In this case, crossover and mutation are kind of performed together. Crossover occurs in the formation of $z$ and mutation is forced to occur at position $r$. The result of these operations yield $y$. The selection process is then a greedy "survival of the fitter" between $x$ and $y$.

Genetic algorithm parameters

These parameters are used to tune the genetic algorithm. They greatly differ and are usually based on choice of genetic operators employed. Common examples include:

  • Number of agents maintained in a population
  • Number of maximum iterations
  • Number of slicing points during crossover
  • Probability of performing mutation
  • Number of points of mutation
  • Etc.

Differential evolution (Wikipedia's version)

  • $N$: Size of the population
    In general, the larger the population, the more diverse it turns to be but each iteration will take longer. Due to the genetic operation procedure, we need $N \geq 4$ in order to be able to pick 4 unique agents at each step.

  • $F$: Differential weight
    This parameter controls how the "crossover" step ($z = a + F * (b-c)$) is done.
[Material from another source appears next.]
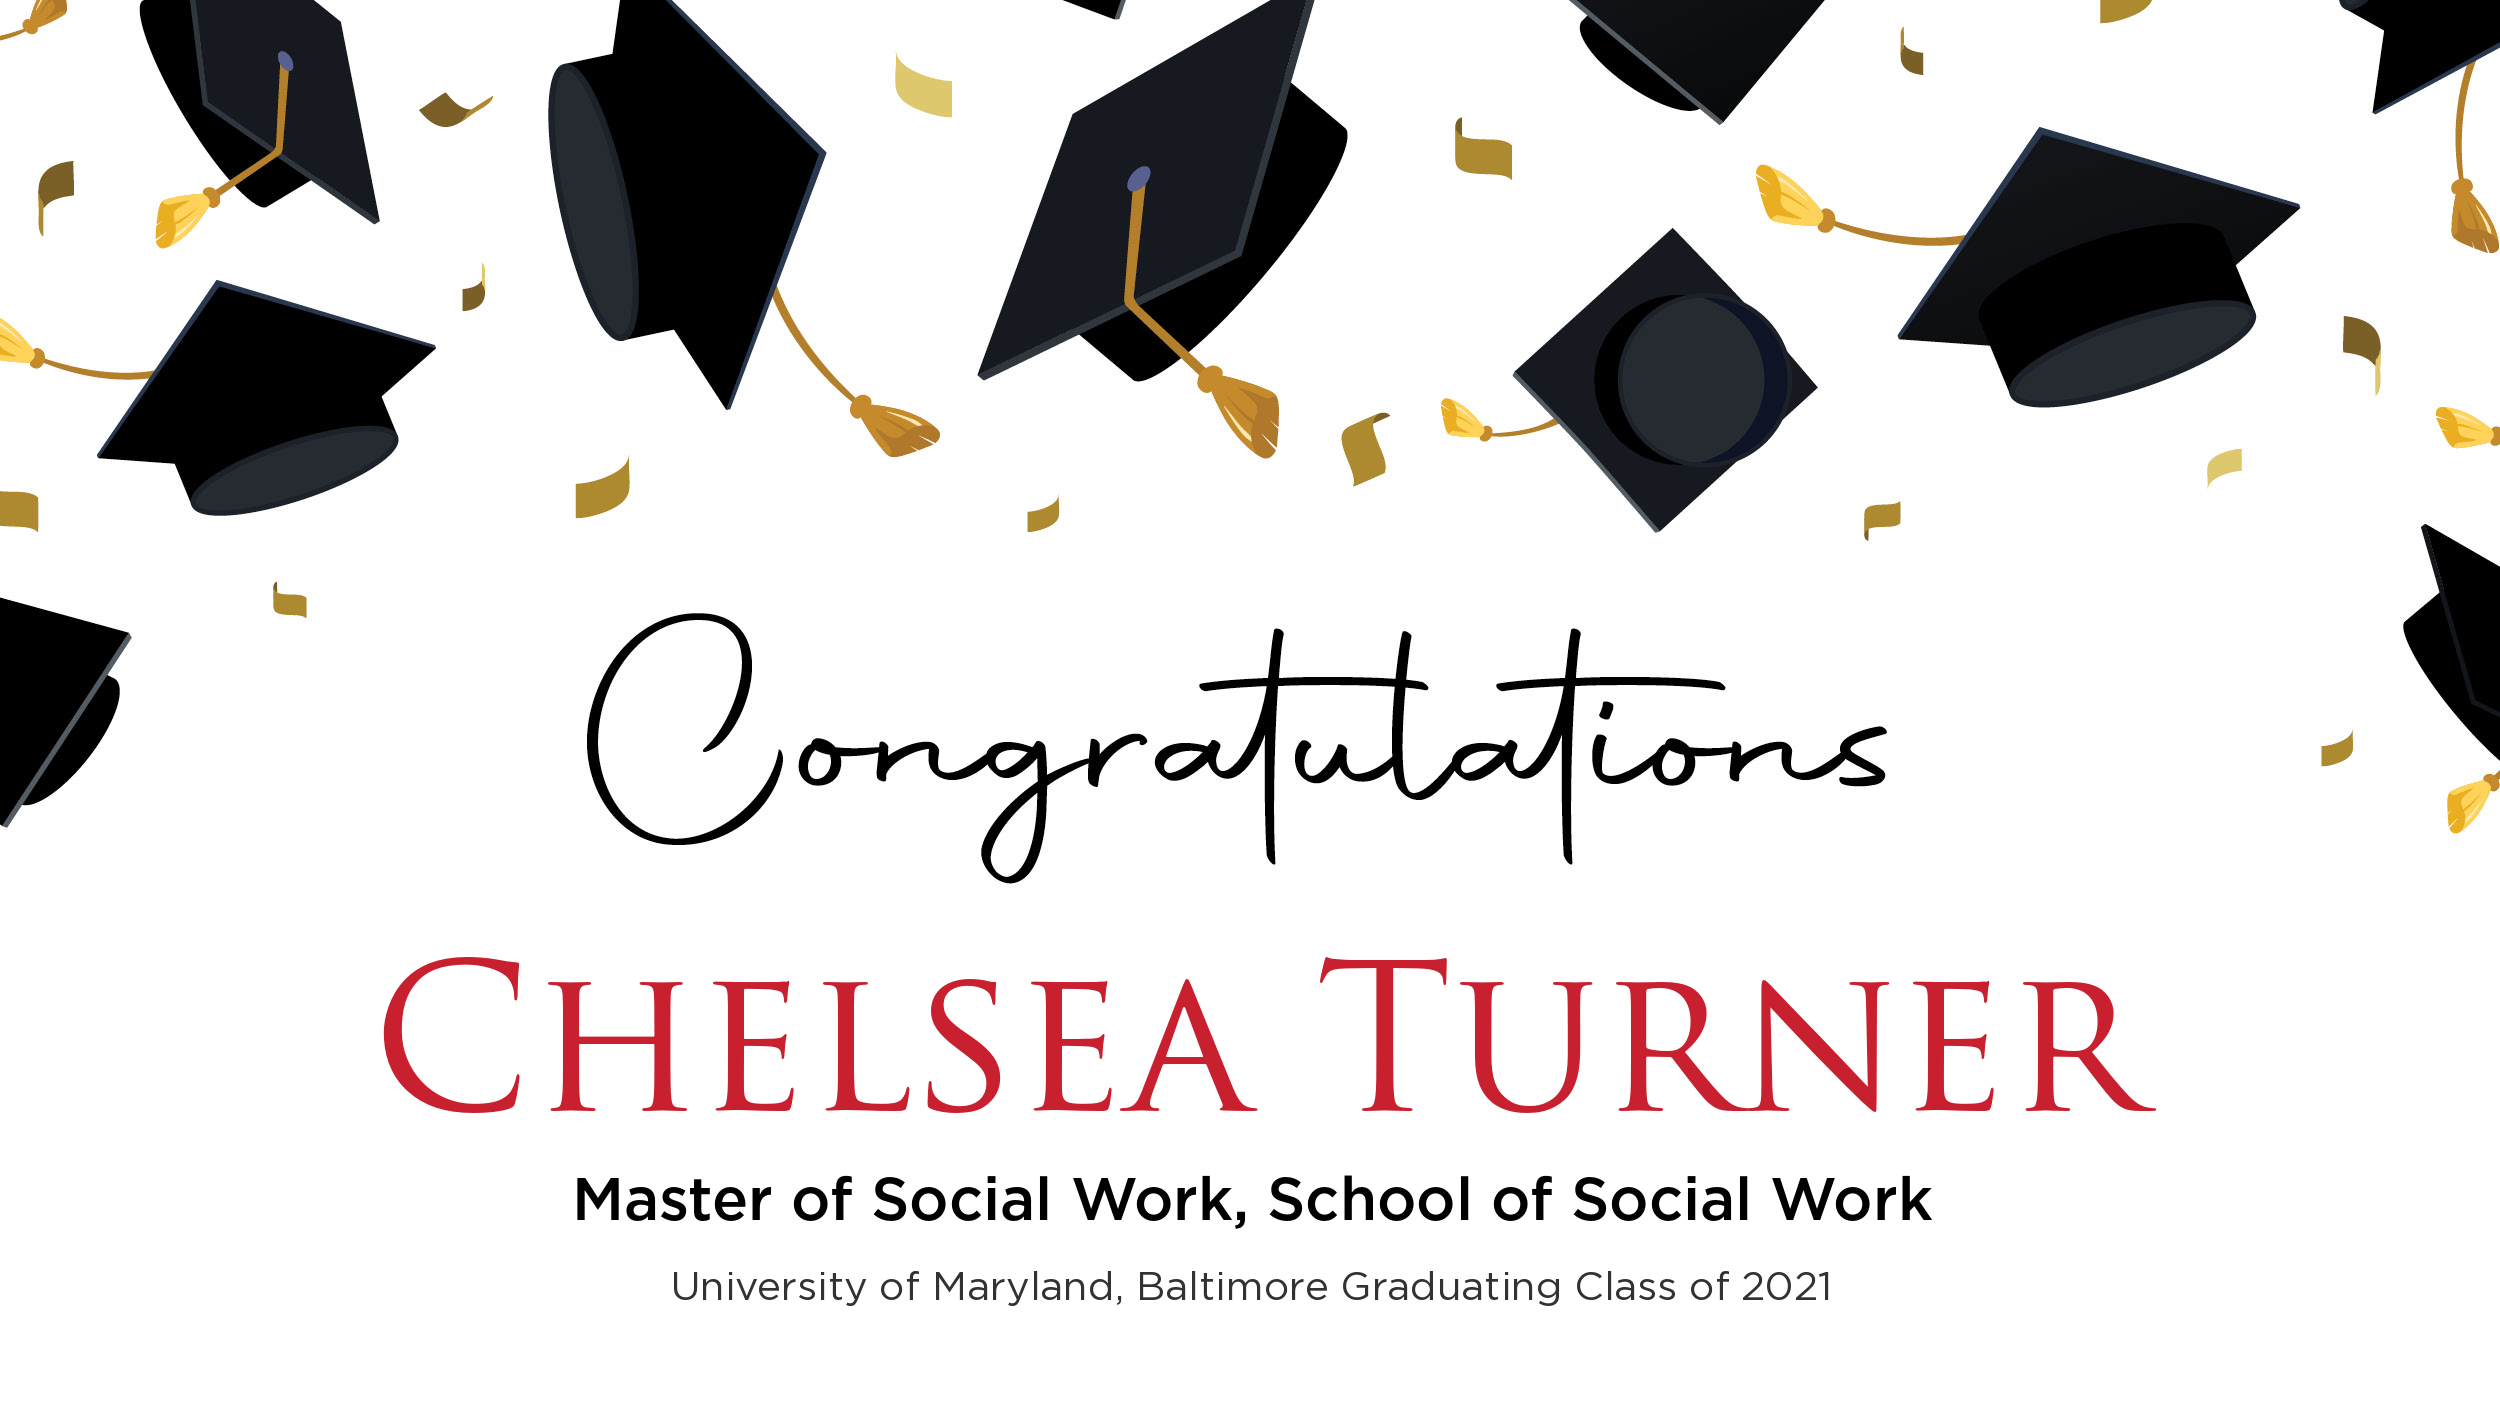 Congratulations Chelsea Turner, Master of Social Work

In my code, I named this $DW$ to avoid confusion with the input function $f$.

  • $CR$: Crossover probability
    This parameter controls how many values will be from the newly generated agent $z$. The other values will come from the previous agent $x$.

Adaptation to finitely generated algebraic groups

In their own words:

The main contribution is the algebraic design of the differential mutation operator which allows to extend the "contour matching" property of numerical DE to every combinatorial search space representable by a finitely generated group.

According to them, as far as they are aware, they are the first to do so. The experimental results were quite encouraging as well - it beat several state-of-the-art results on a widely accepted benchmark suite.

They modified differential evolution:

  • Old agent $x$ is labelled as $\pi$.
  • No "pick a random index to force mutation"
  • Adaptive $F$ value, which could change across different iterations. This idea is based on this paper, where $F$ changes based on provided $f_l$, $f_u$ and $\tau_1$ parameter values.
  • Modify $a + F * (b-c)$ to work on finitely generated groups to yield a new agent $v$
  • Two-point splicing crossover between $v$ and $\pi$ to produce 2 agents $v'$ and $v''$, then pick the fitter of the 2.
  • Select between old agent $\pi$ and $v'$/$v''$ to enter the next generation of population

Details are in their pseudocode in Figures 1 and 2, replicated below:

Most of the modifications are pretty straightforward. I think the most interesting part is: Modify $a + F * (b-c)$ to work on finitely generated groups to yield a new agent $v$.

Consider the group of length 4 binary sequences (0000, 0001, 0010, 0011, ... , 1110, 1111) with the operation "bit flip". We can represent this as a Cayley graph as shown:

Now, $a + F * (b-c)$ works as follows:

  • Pick 2 agents $b$ and $c$, say 1100 and 1011
  • Find the shortest sequence of operations (bit flips) that transforms one to the other. This may not be unique.
    In the example below, we chose $z = b - c = \langle f_3, f_1, f_2 \rangle$, of length 3.
  • Suppose $F = \frac{1}{2}$, then $k = \lceil F * |z| \rceil = \lceil \frac{3}{2} \rceil = 2$. So, $F * (b-c) = F * z = \langle f_3, f_1 \rangle$.
    Geometrically, this coincides to the rounded-up truncation of the operation sequence.
  • Pick another agent $a$, say 0000
  • Perform the operation $F*z$ on it to get the new mutated agent.
    In the example, we get: 0101

Going further

I have written a Python3 implementation based on Wikipedia's pseudocode here. Feel free to play around with it with different functions $f$. The agent representation is just a tuple containing the parameter values. You may also wish to implement the finite group variant after reading the paper2.

References and Footnotes

  1. If a function is differentiable, one would employ gradient descent techniques to optimise it.

  2. Paper: Algebraic Differential Evolution Algorithm for the Permutation Flowshop Scheduling Problem with Total Flowtime Criterion

  3. The actual problem was to find the best sequence of jobs to execute, which reduces to "the best permutation of job IDs".